第15話
サカラハ国とナタハリ国からの輸入物資が大量に入り出回るようになった頃、俺は我が目を疑った。
めっっっちゃ地球の食糧あるじゃん!!
いや、サカラハ国は米もあったし中華系料理もあったけどナタハリ国までこんなにあったのか!?
物資の入出荷記録を確認していてびっくりした。
えっ!?サカラハ国だけじゃなくてナタハリ国まで過去に地球人来てたの!?
むしろもしかして今現在も住んでいるのでは!?
俺はノイシュくんが居たら「普段からそのくらいの熱量と速さで仕事してください」と言われるだろう史上最速かと思うスピードで仕事を終わらせて荷物を持って来た業者に話を聞きに行った。

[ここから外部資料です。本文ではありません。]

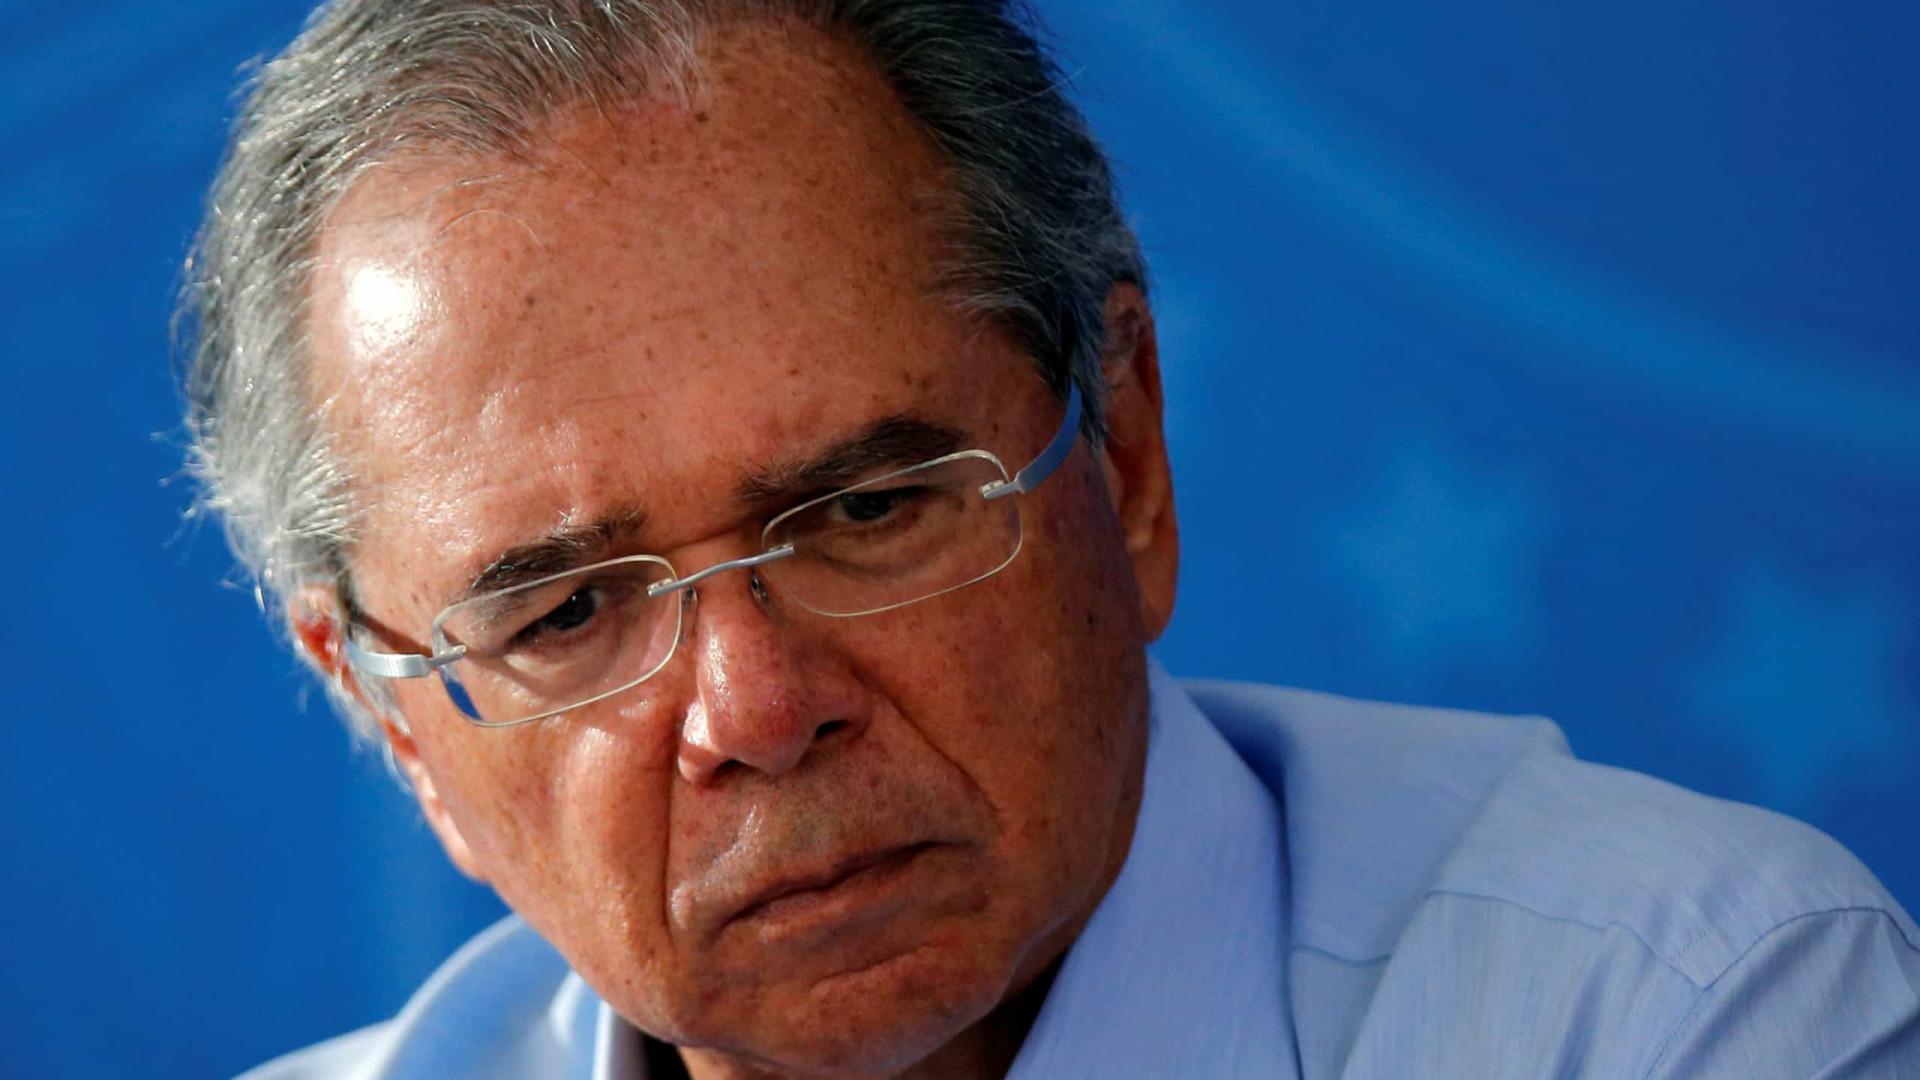 Guedes diz que as projeções do PIB brasileiro pelo FMI estarão erradas

「すみません!このミソとかショウユとか他にも色々、考案した方ってまだ国内にいらっしゃいますか?」
「何か不手際でもありましたでしょうか?」
文官の俺がいきなり話し掛けたのでミスがあったと思われたらしい。
「あー、違うんです!俺の好物でして、もしいらしたらお話をお聞きしてみたいなぁと思いまして」
「なるほど、そうでしたか。ですが、残念ながらそれらの品々は大昔にやってきた異世界人が試行錯誤したのを我々が受け継いで商品にした物。もう考案者は数百年前に亡くなっております」
「そうですか……分かりました。お話ありがとうございました」
ぺこりとお辞儀をして業者と別れたがガッカリ感が半端じゃない。
数百年前かー。いやでもその志を引き継いでくれたおかげで地球の調味料や食材が増えたんだよな。ありがたいことだ。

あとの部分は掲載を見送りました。